Hadoop 1.0 does what it promises brilliantly. Map Reduce is like the backbone of Hadoop 1.0. It is very good for batch processing but not much of help for real time and near-real time processing. Again to make a job work, it has to be or converted to be a Map Reduce job. Map Reduce is great for certain types of works but does not fit for all. In terms resource management Map Reduce and Hadoop 1.0 does not guarantee 100% or effective utilisation.
YARN (Yet Another Resource Negotiator) comes as a rescue for all of the above in Hadoop 2.0 and indeed becomes the backbone. It lets any application (job) to run in Hadoop and ensure effective resource utilisation.
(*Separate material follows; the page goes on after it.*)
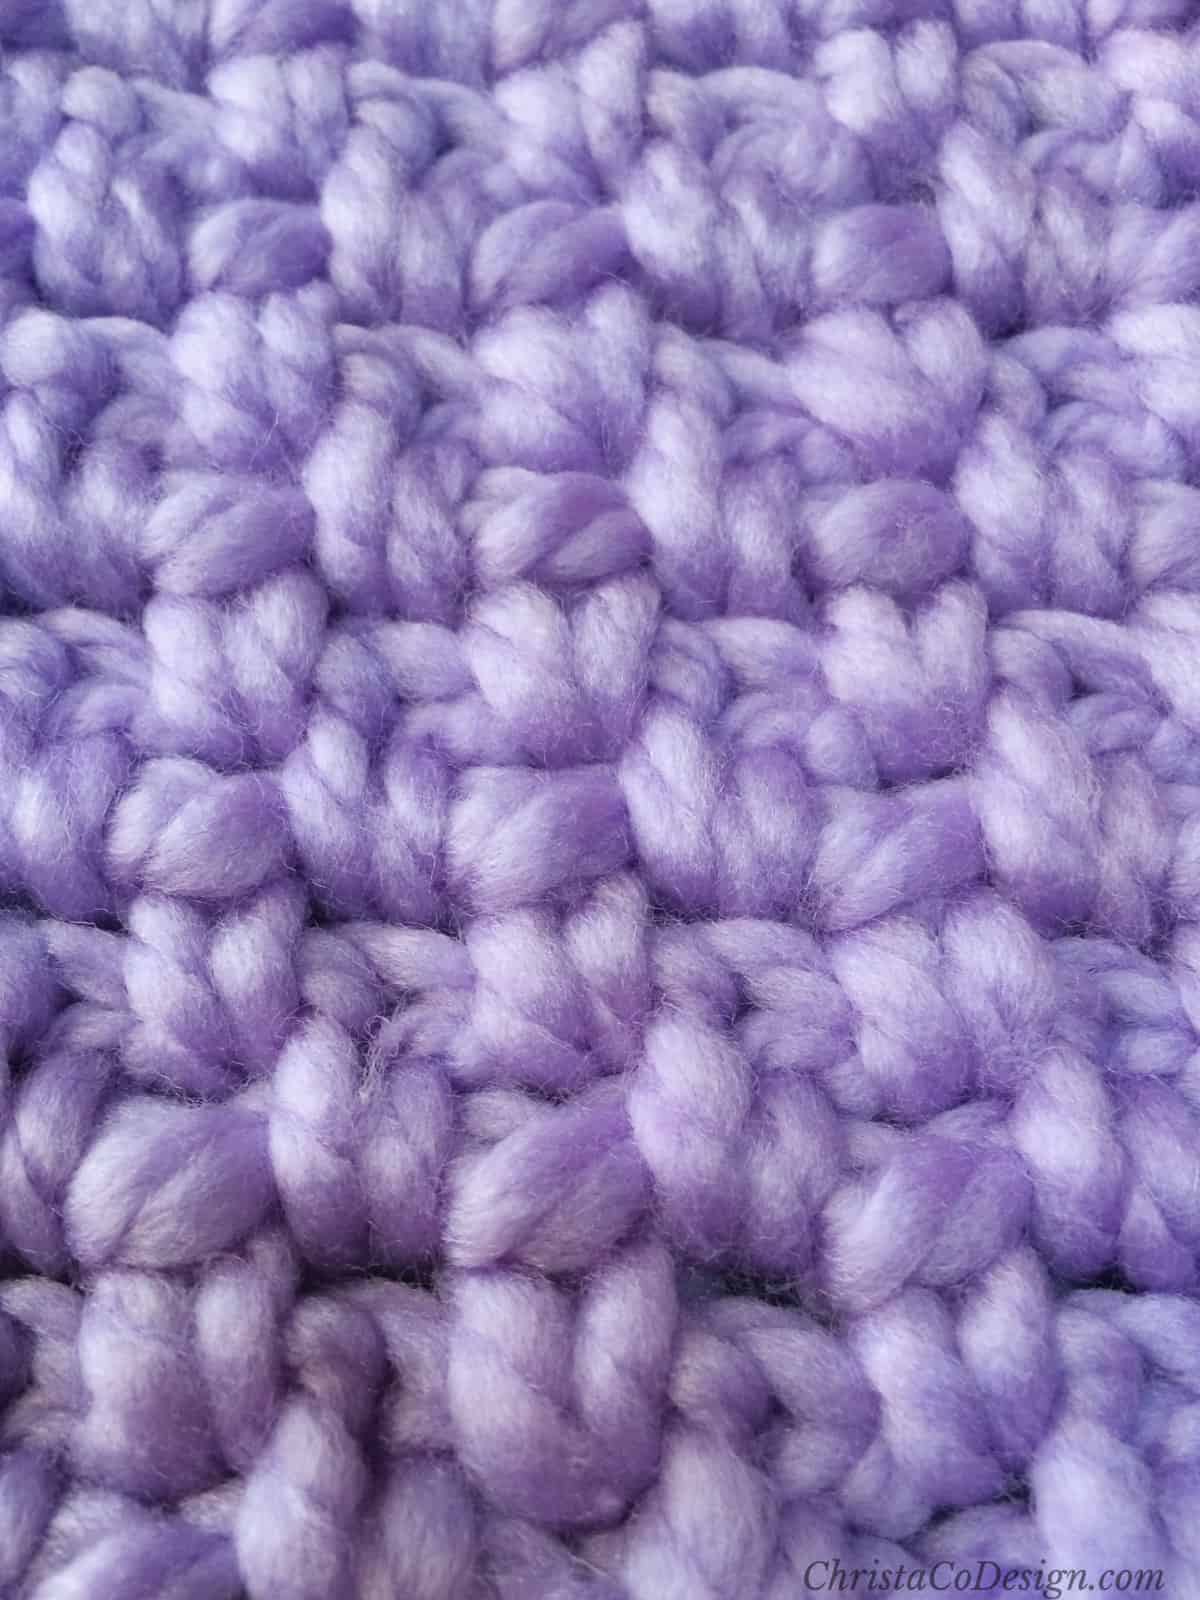 Crochet moss stitch in purple yarn.

Map Reduce now just runs as an application on top of YARN. As a developer I am more interested because YARN also provide a development framework to create applications potentially using any language, so not limited by Java.
Well, that’s Hadoop 2.0. Last Monday, Raghu Ramakrishnan, Technical Fellow and CTO Information Services of Microsoft announced at ACM SIGKDD Conference on Knowledge Discovery and Data Mining (KDD) held in Chicago that they are working on another framework, which will run on top of YARN. REEF (Retainable Evaluator Execution Framework) is a set of libraries that provides support for task monitoring and restart, data movement and communications, and distributed state management. It will be ideal to implement iterative algorithms for graph analytics and machine learning.
Ramakrishnan also told that Microsoft would open source REEF in a month time. I am quite excited and will keep following on it. As it is a MS offering I am also expecting that it will be possible to write programs on top of REEF using .Net languages.